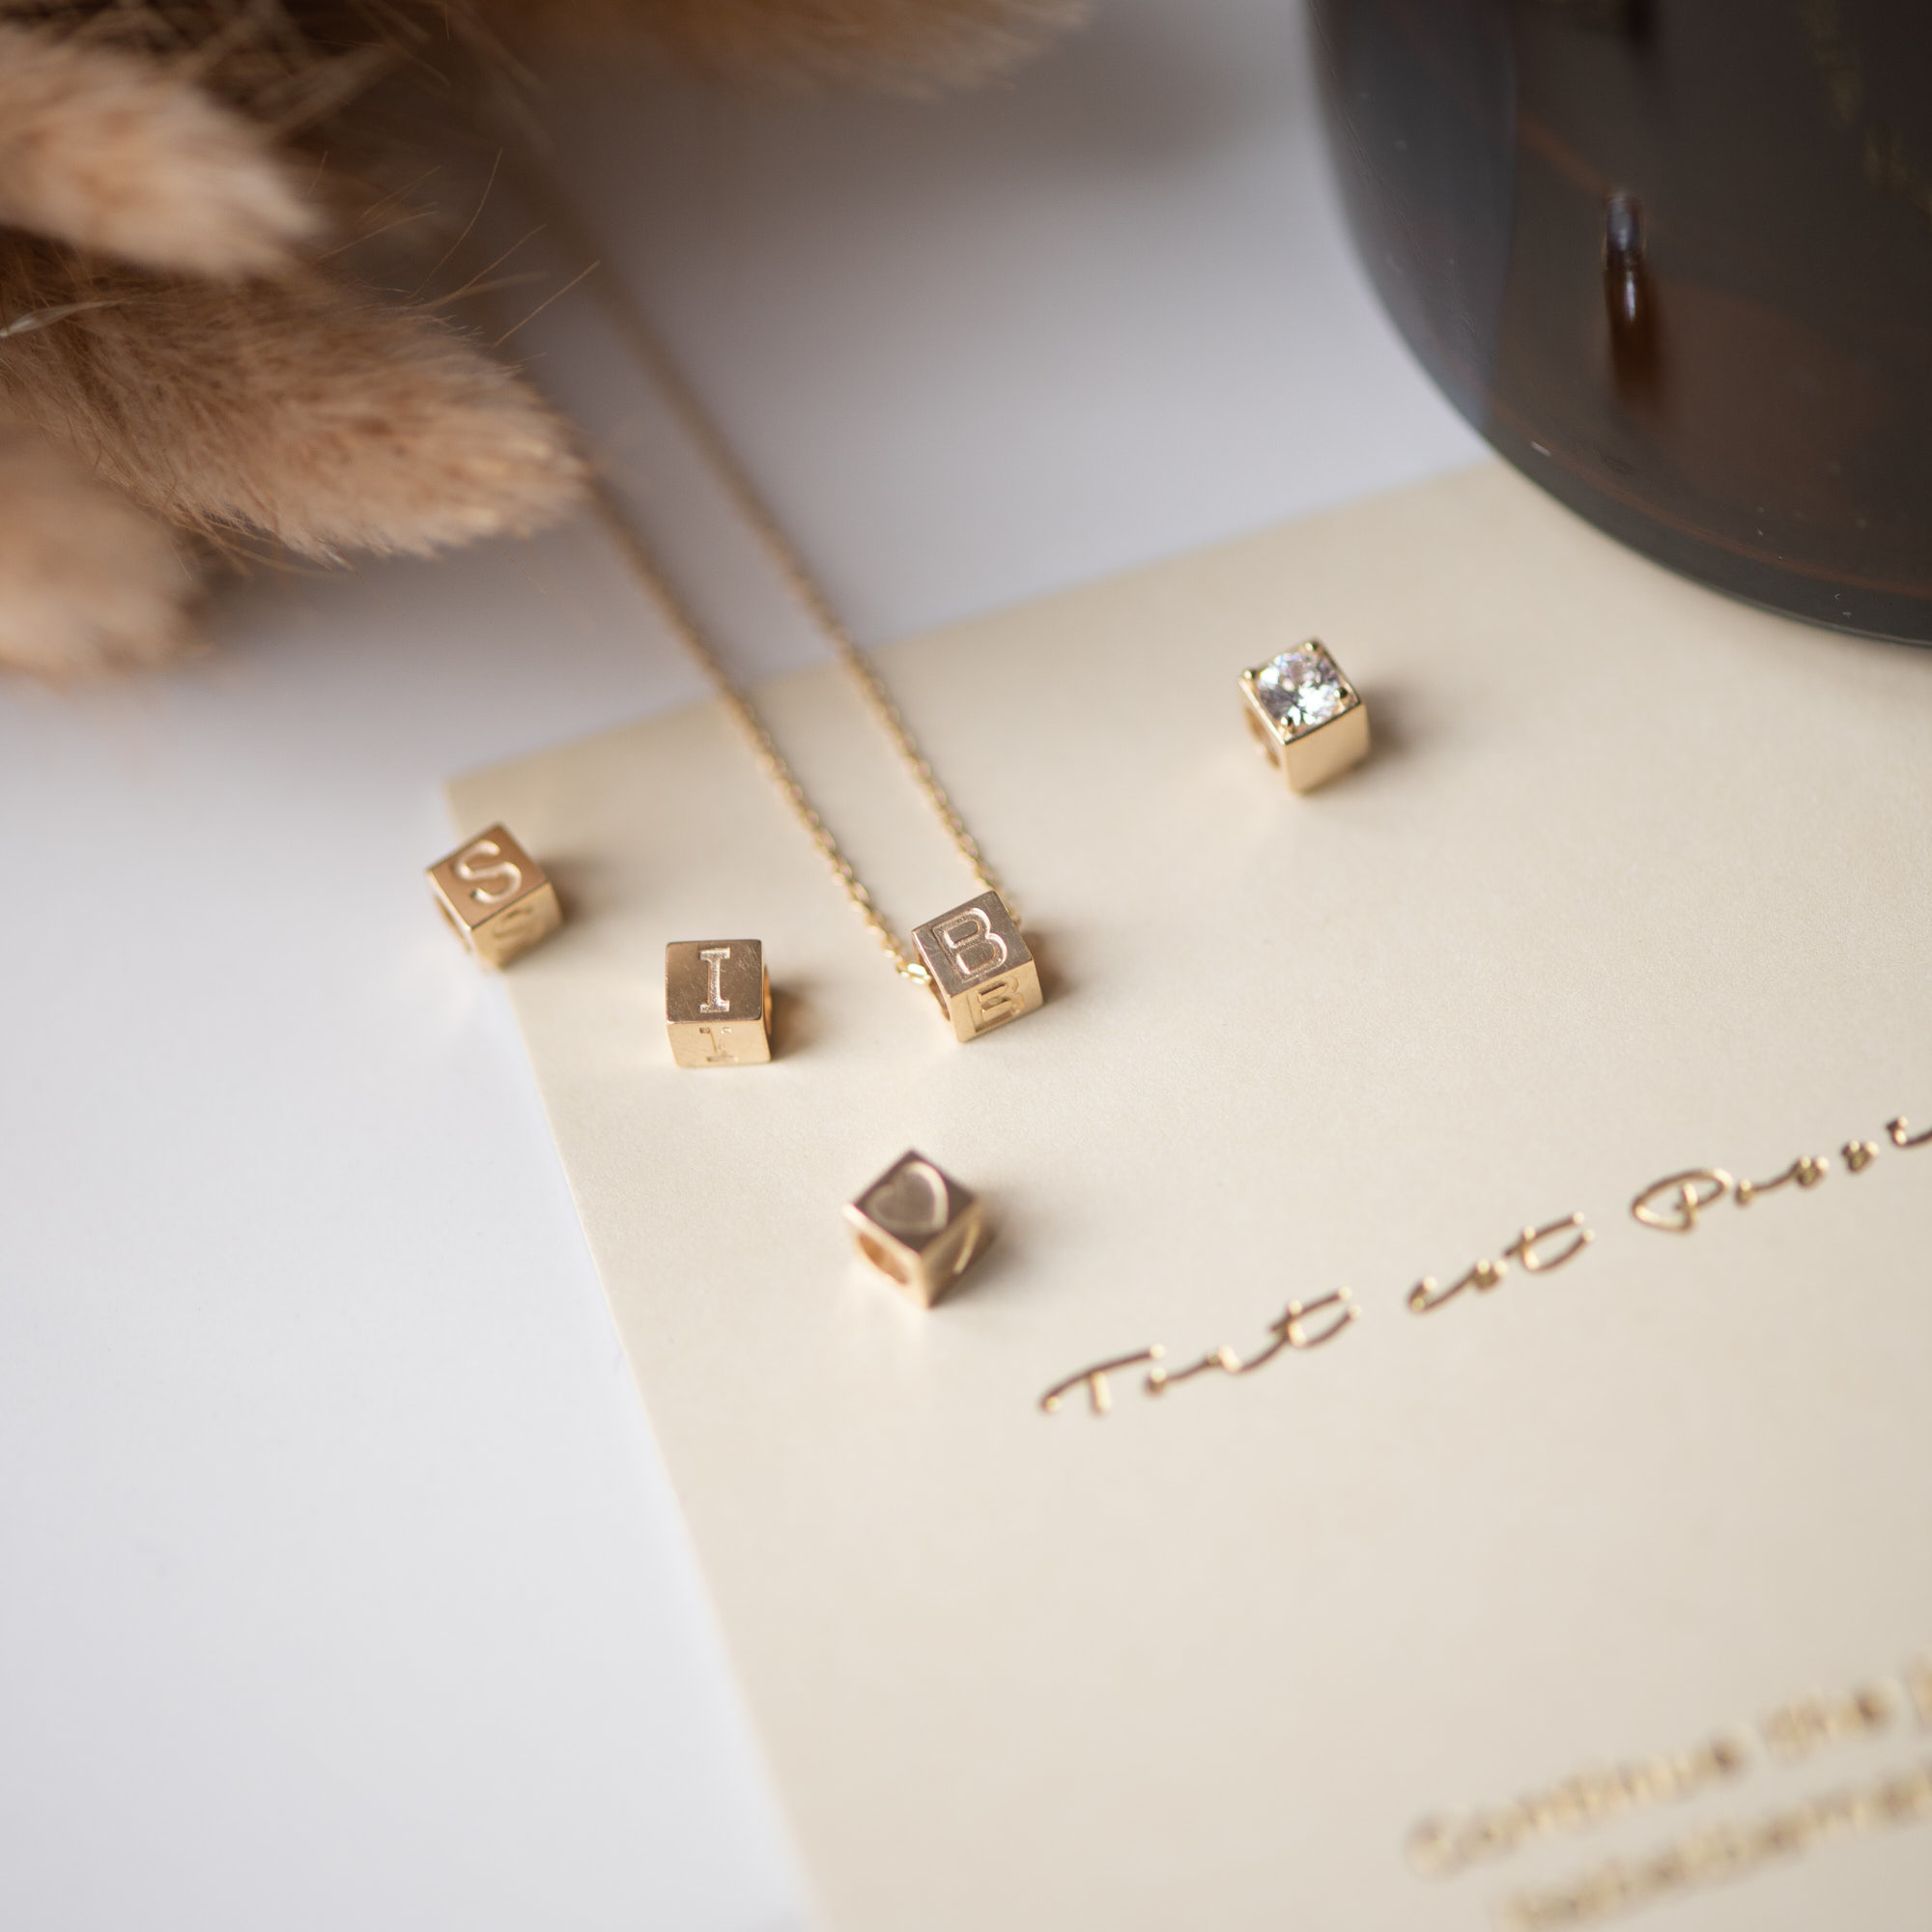 Isabel Bernard Le Carré Felie 14 karat gold cube charm with heart
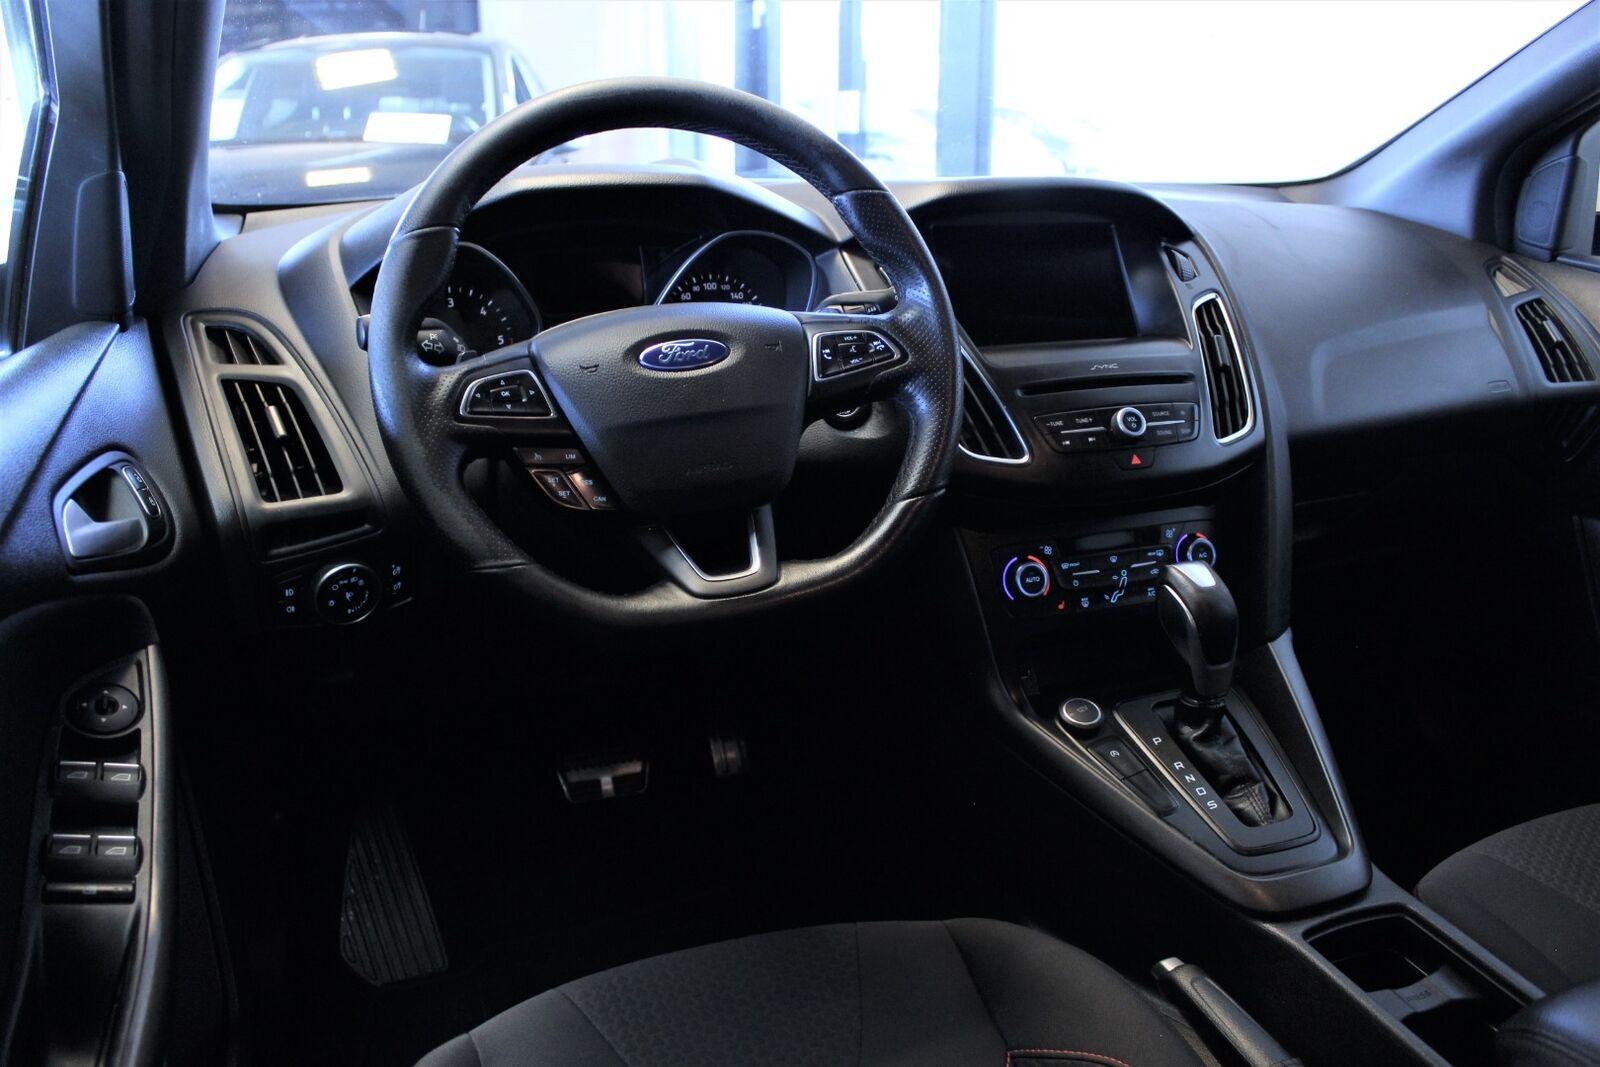 Ford Focus 1,5 TDCi 120 ST-Line stc. aut. - billede 7
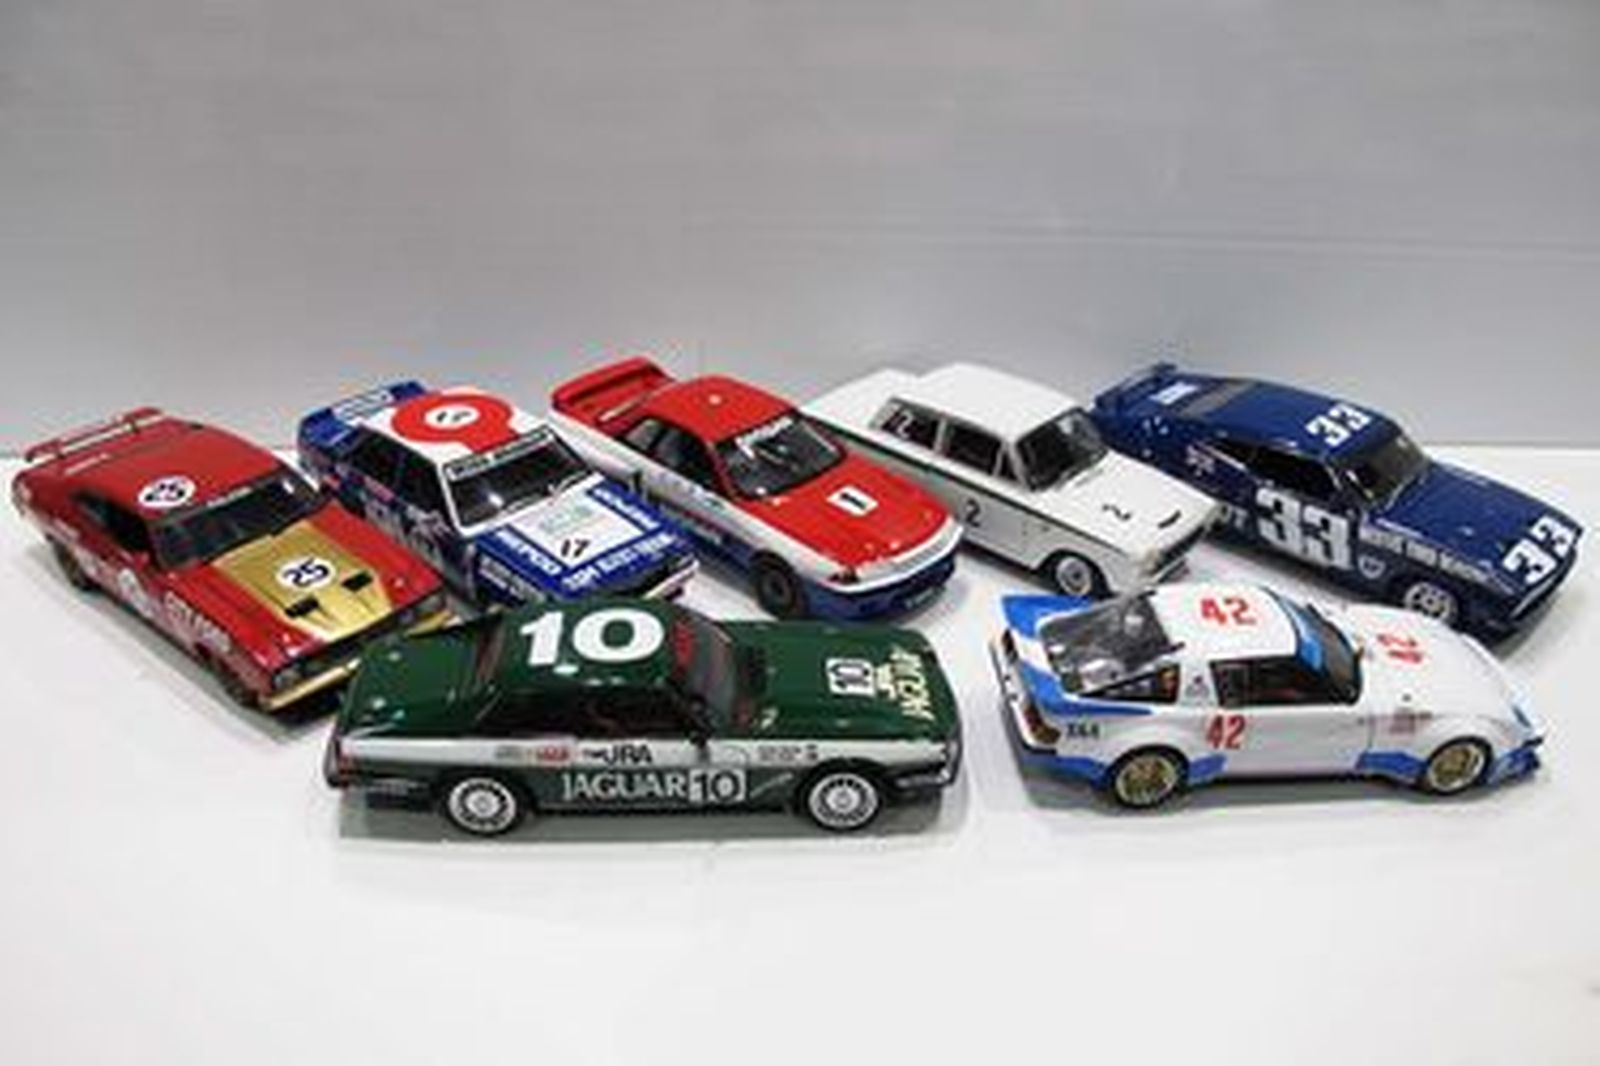 Model Cars x 7 - AutoArt & Biante: Group C & Touring Cars (Scale 1:18)
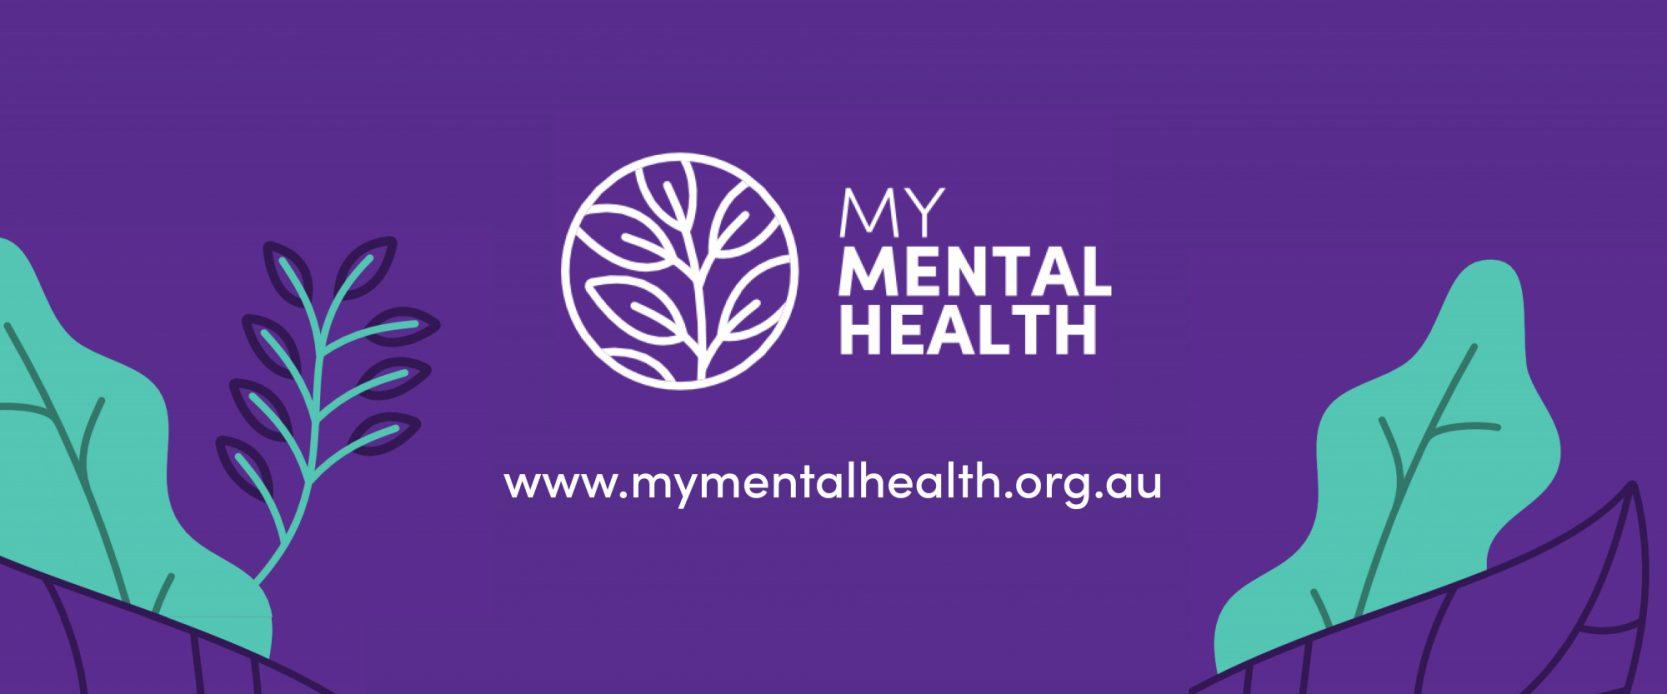 My mental Health social media post banner

HOW TO COMPLETE THIS TASK: Quote the data above in full, leaving out the pictures it holds.

SOLVED PROBLEM:
 Isabel Bernard Le Carré Felie 14 karat gold cube charm with heart
 Ford Focus 1,5 TDCi 120 ST-Line stc. aut. - billede 7
 Model Cars x 7 - AutoArt & Biante: Group C & Touring Cars (Scale 1:18)
 My mental Health social media post banner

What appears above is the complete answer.